The change (mutation) of genes is provocativeto the development of many forms of hereditary diseases factor. In modern medicine, more than three thousand such pathologies are described. The most common manifestation of diseases is fermentopathy. It is believed that gene mutations can affect embryonic, transport and structural proteins. Pathological changes can be realized in different periods of ontogenesis (development). Most of them are typical for intrauterine (up to 25% of all hereditary pathologies) and for pre-pubertal (before puberty) period (about 45%). Genetic mutations are manifested in puberty (puberty) and youth (about 25%). A relatively small amount (about 10%) of pathological changes is detected over twenty years.

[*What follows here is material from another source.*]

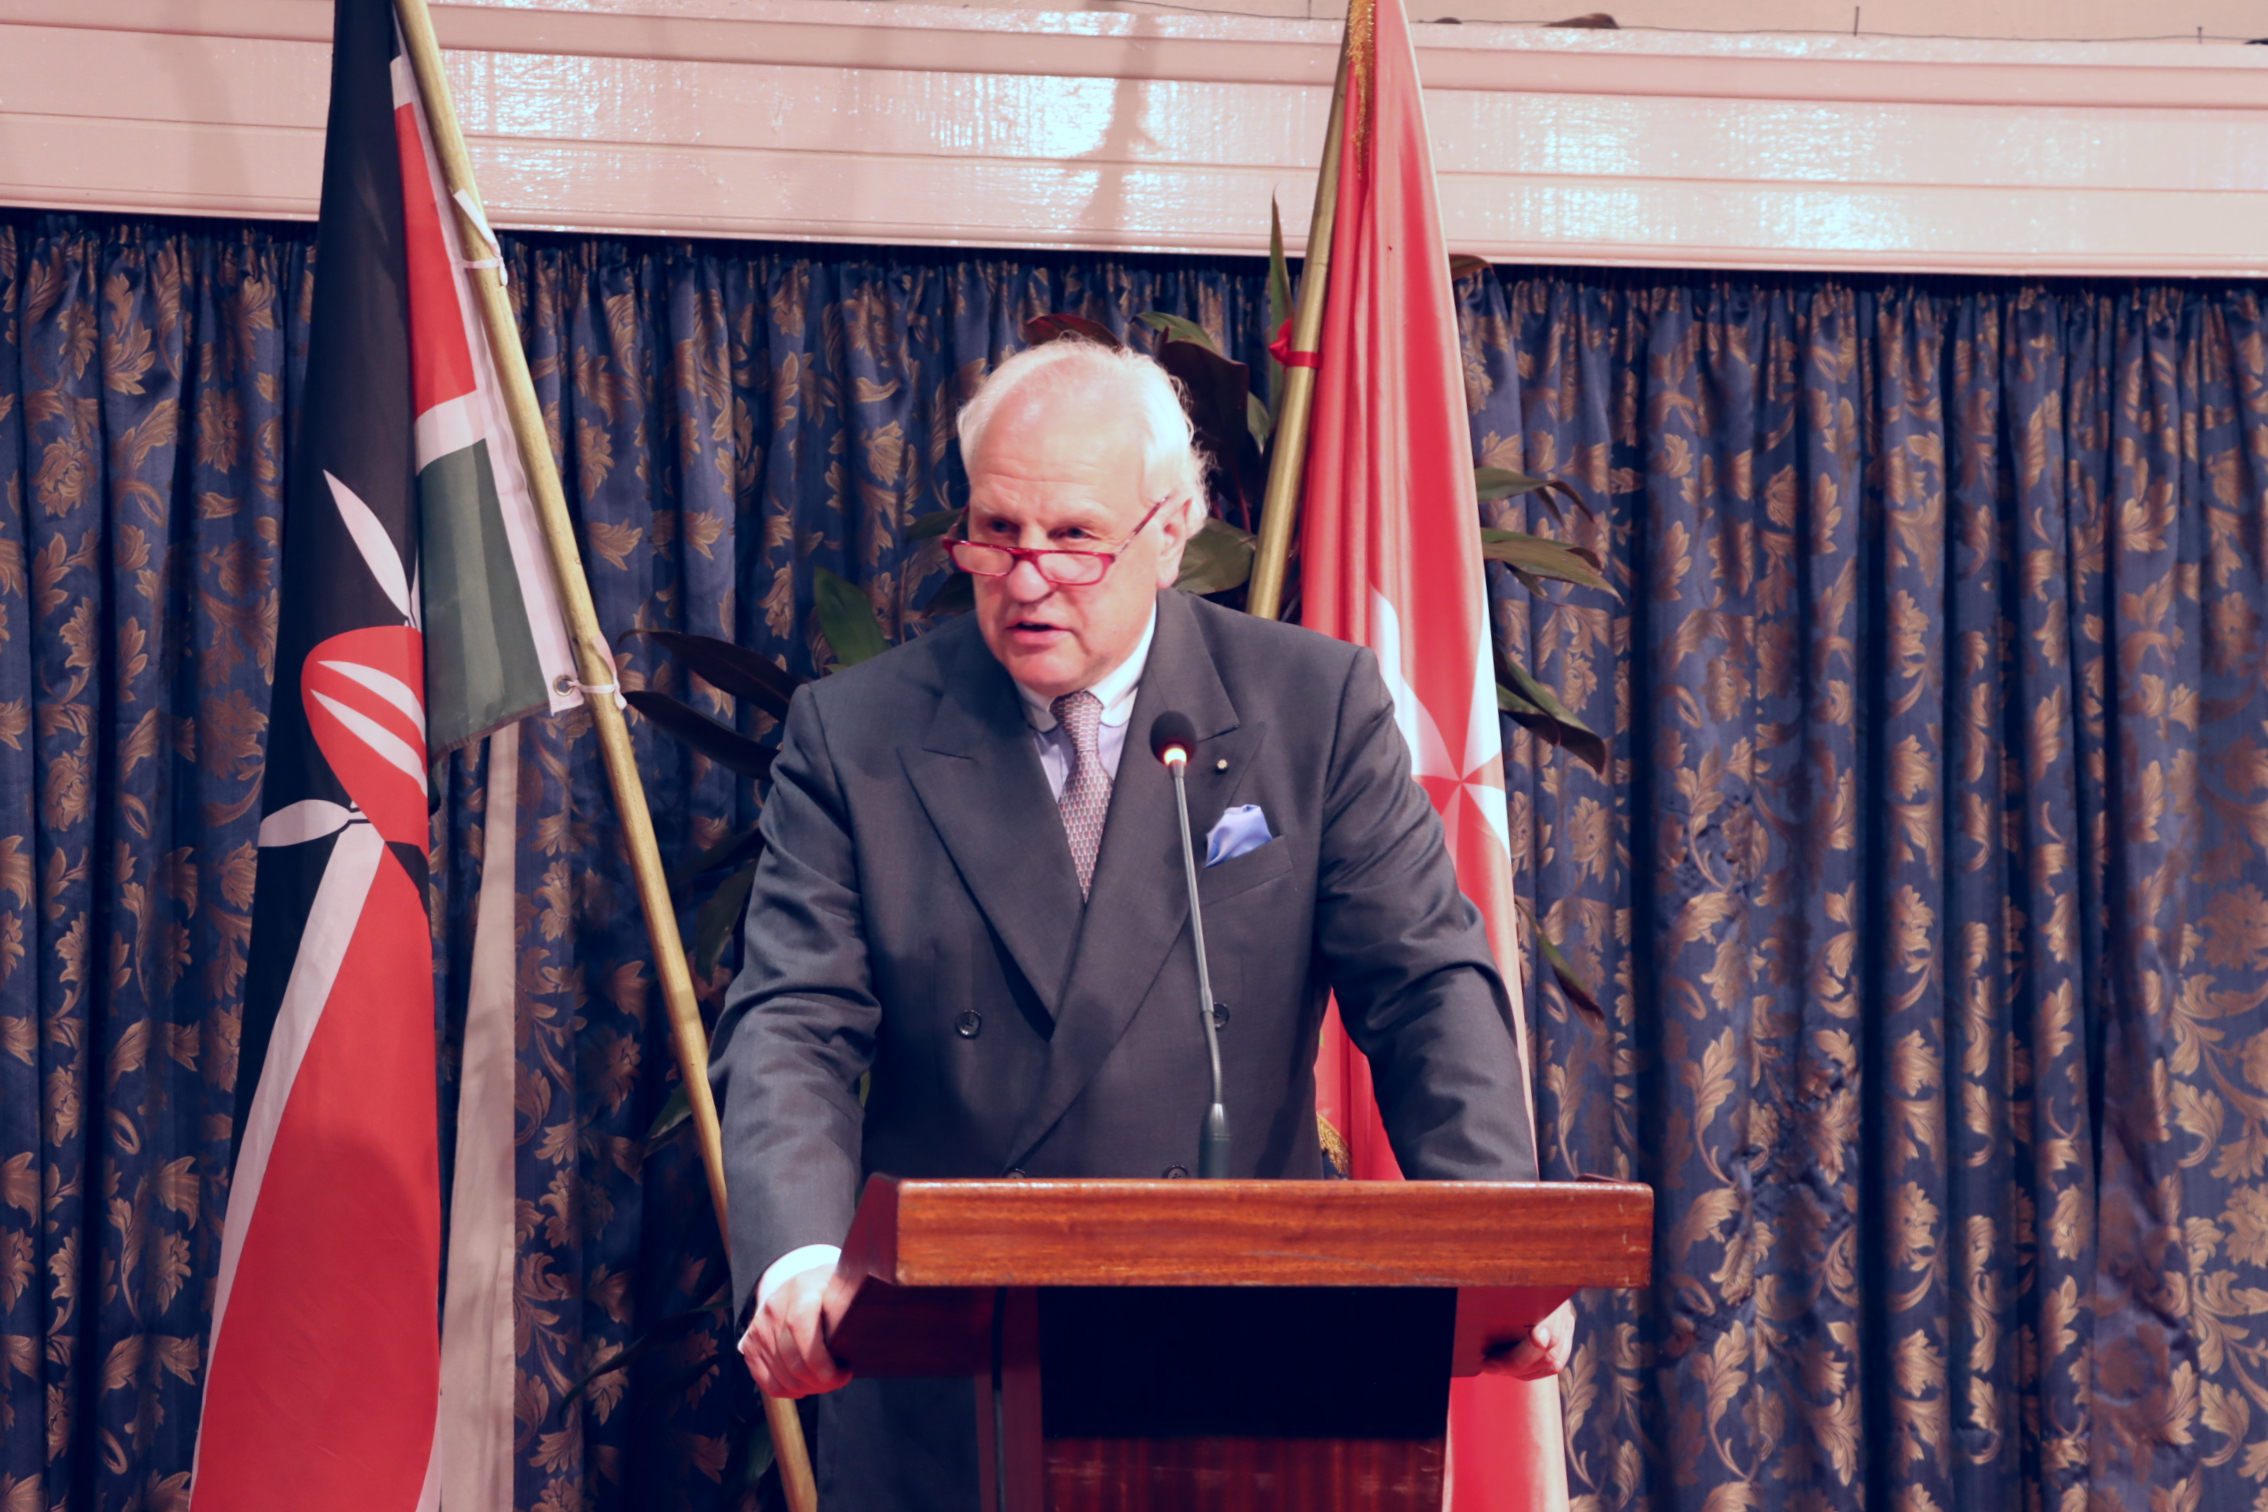 Ambassador Guest at Order’s National Day Celebrations in Kenya

Hereditary diseases are classified by typeinheritance (autosomal recessive, autosomal dominant and others), depending on the organ or system more involved in the pathological process (endocrine, neuromuscular, ocular, and others), taking into account the nature of the metabolic defect (associated with a disorder of carbohydrate, mineral lipid exchange, etc.). To an independent group include diseases that have arisen against the background of incompatibility of the fetus and the mother for antigens in blood groups.
Provoked by gametic mutations,Pathologies are inherited in accordance with the laws of Mendel. Perhaps the emergence of new or development inherited from past generations of change. In such cases, pathological structures are distributed to all cells of the body.

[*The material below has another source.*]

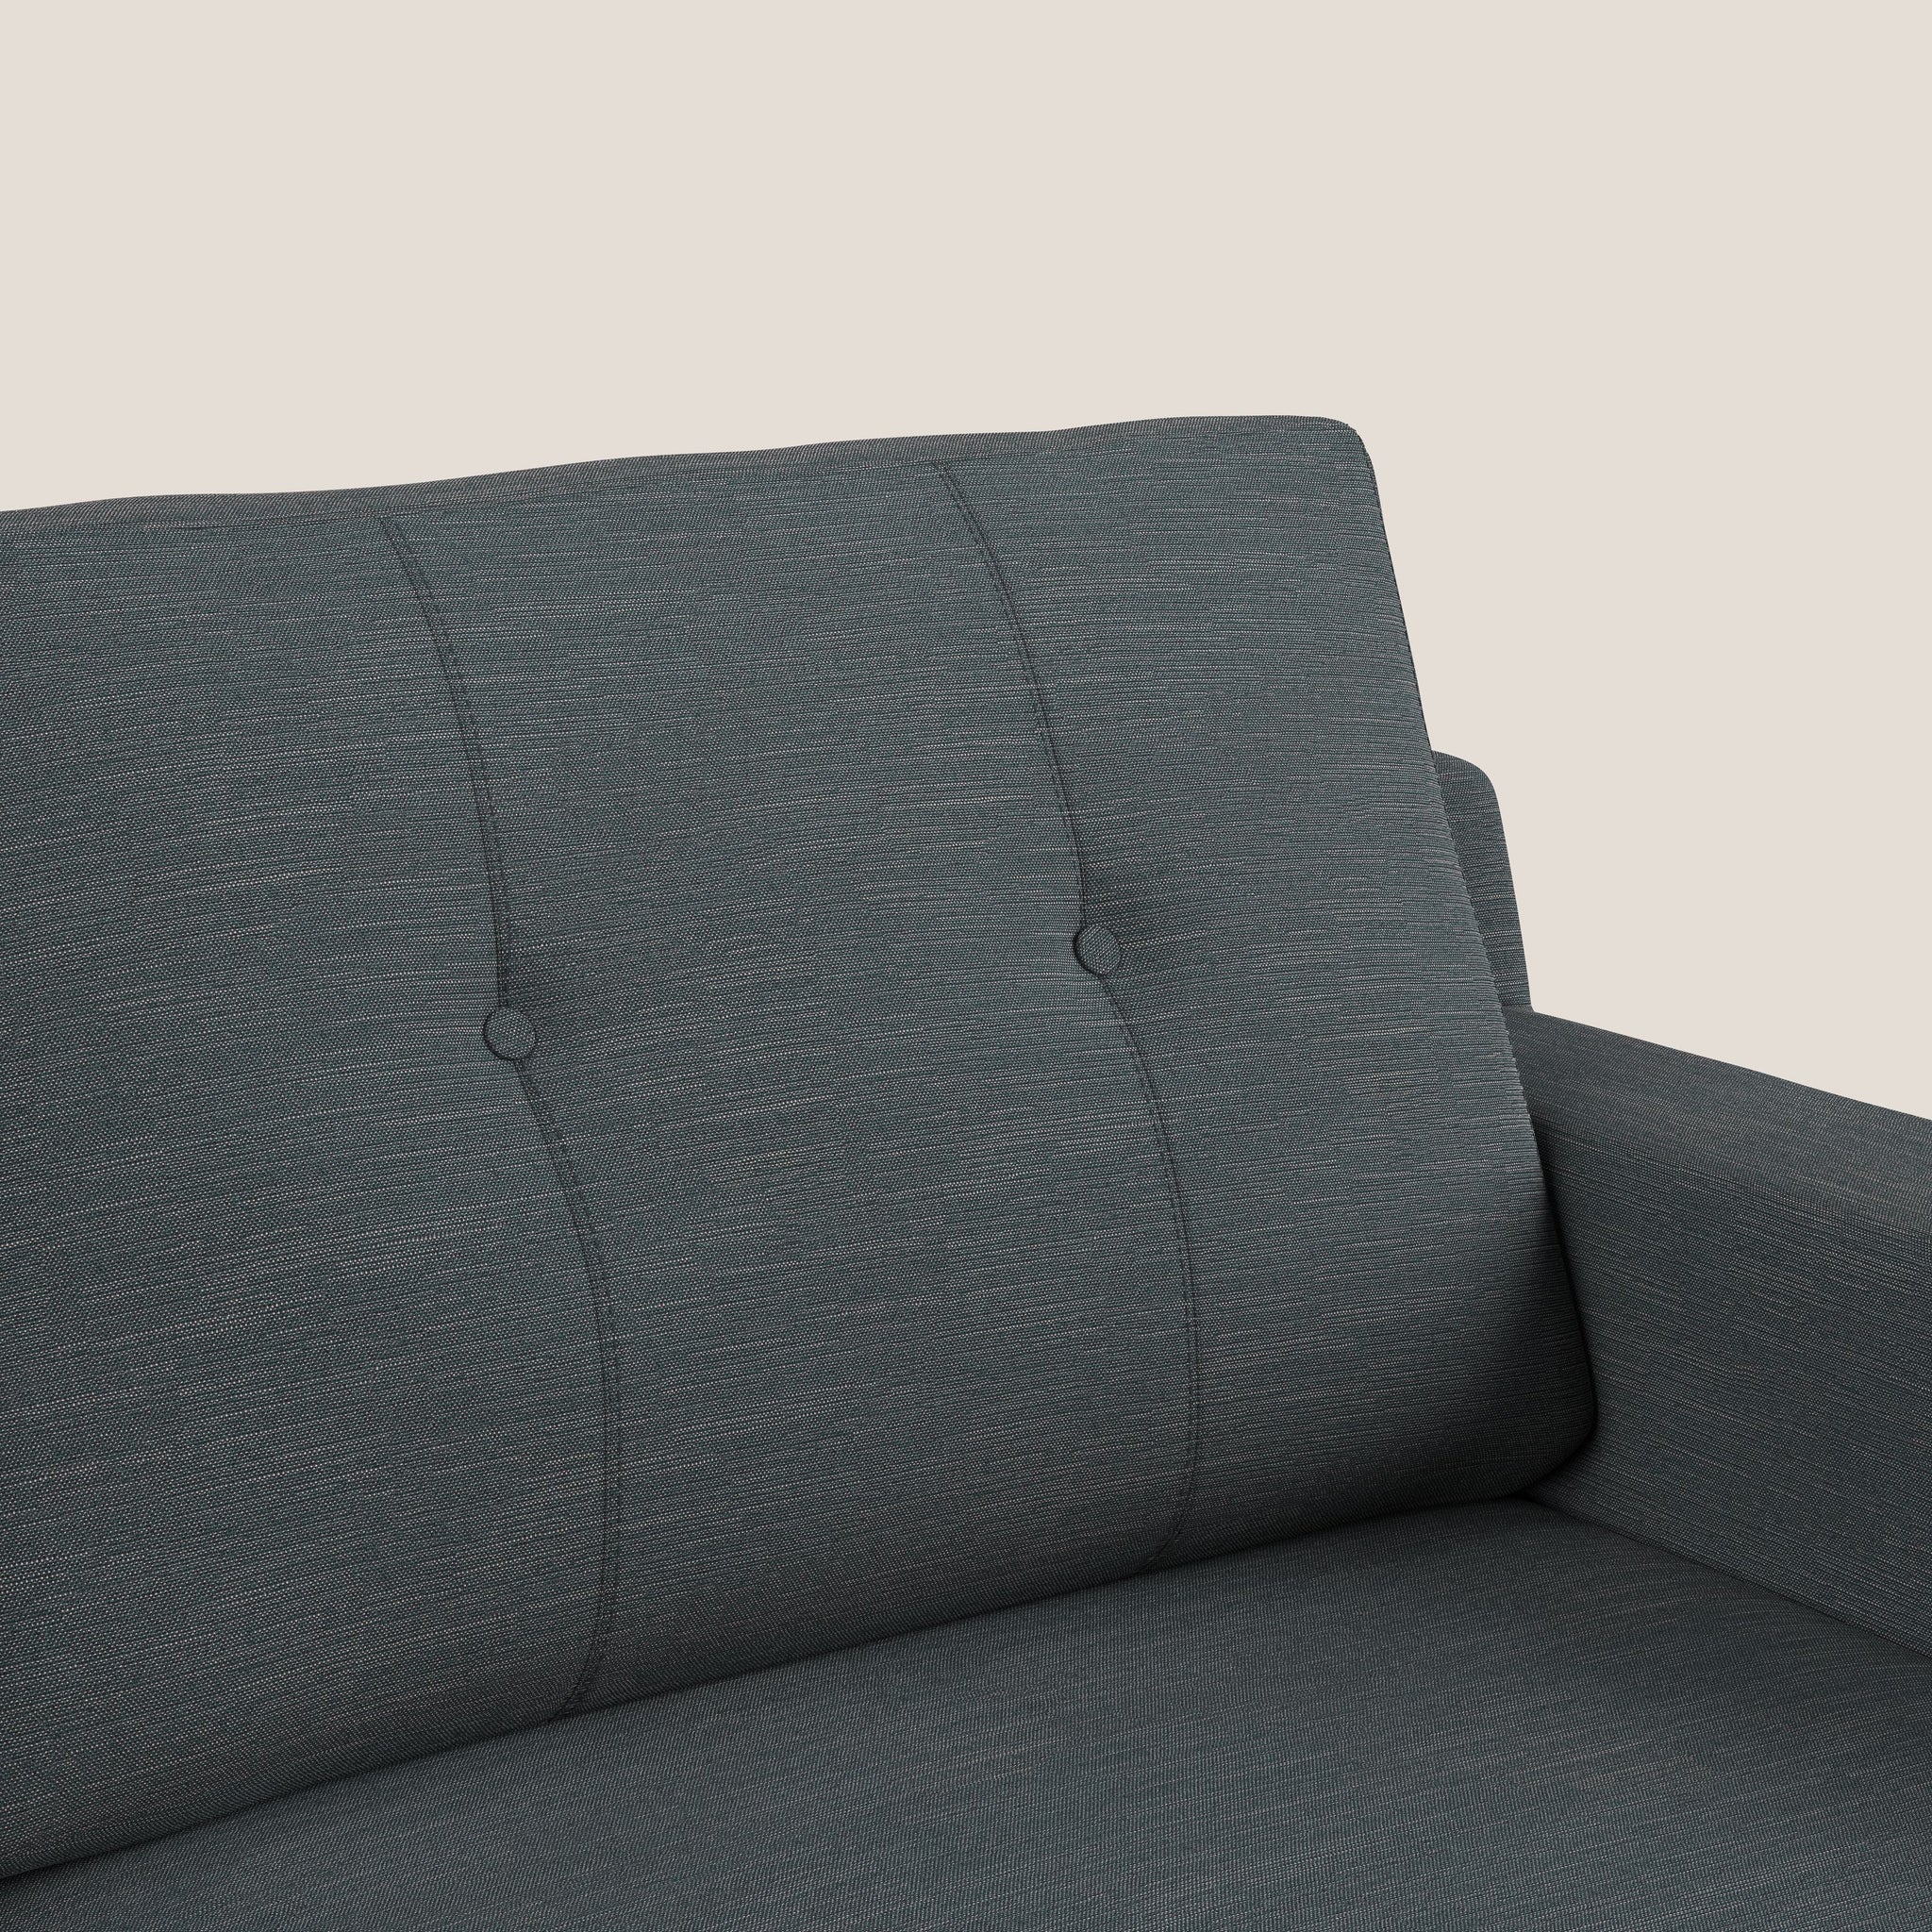 Danish divano angolare reversibile in tessuto ecosostenibile T10

Genetic mutations can appear in one of the cellsat different stages of fragmentation of the zygote. In such cases, the body becomes mosaic in this structure. In other words, in some cells a normal allele (gene form) functions, and in others - a mutant allele. Domination of the mutation manifests itself phenotypically (clinical signs) in the corresponding cells and provokes the development of the disease. In this case, there is a sufficient probability of a less severe degree of pathology, in contrast to complete mutants.

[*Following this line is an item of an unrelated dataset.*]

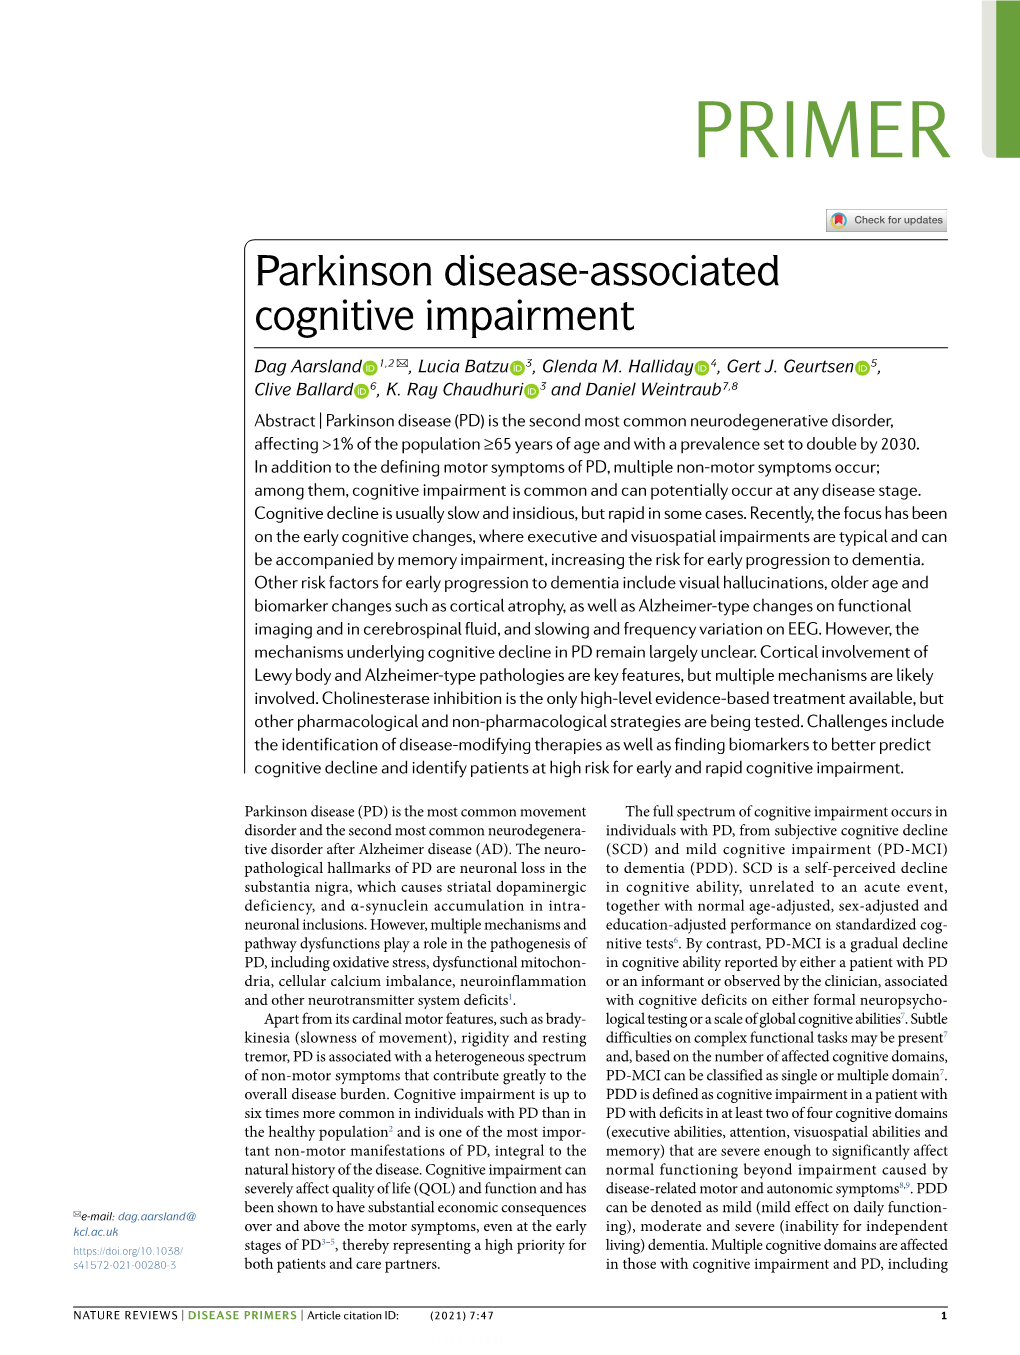 Parkinson Disease-Associated Cognitive Impairment

Specialists classify changes in functional and structural nature.
Structural gene mutations are subdivided intoTransition - substitution of one purine base (organic organic compounds, purine derivatives) for another, or one pyrimidine base (organic compounds - pyrimidine derivatives) to another pyrimidine base; while the codon (the unit of the genetic code) changes only the one in which the replacement occurred. There is also such a thing as "transversion". In this case, the pyrimidine bases are replaced by purine ones or vice versa. This also changes the codon in which the replacement occurred. In addition, there is also a mutation by shifting the reading frame. In this case, a deletion (deletion) or insertion (insertion) of several or one pair of nucleotides occurs. In accordance with the site of deposition or insertion, more or less codons can be changed.
Mutations in functional genes arechange of the nontranscribed (encoding) part in the DNA molecule. This provokes a disorder in the regulation of the functioning of structural elements. As a result, the synthesis rate of the corresponding protein may be increased or decreased to varying degrees.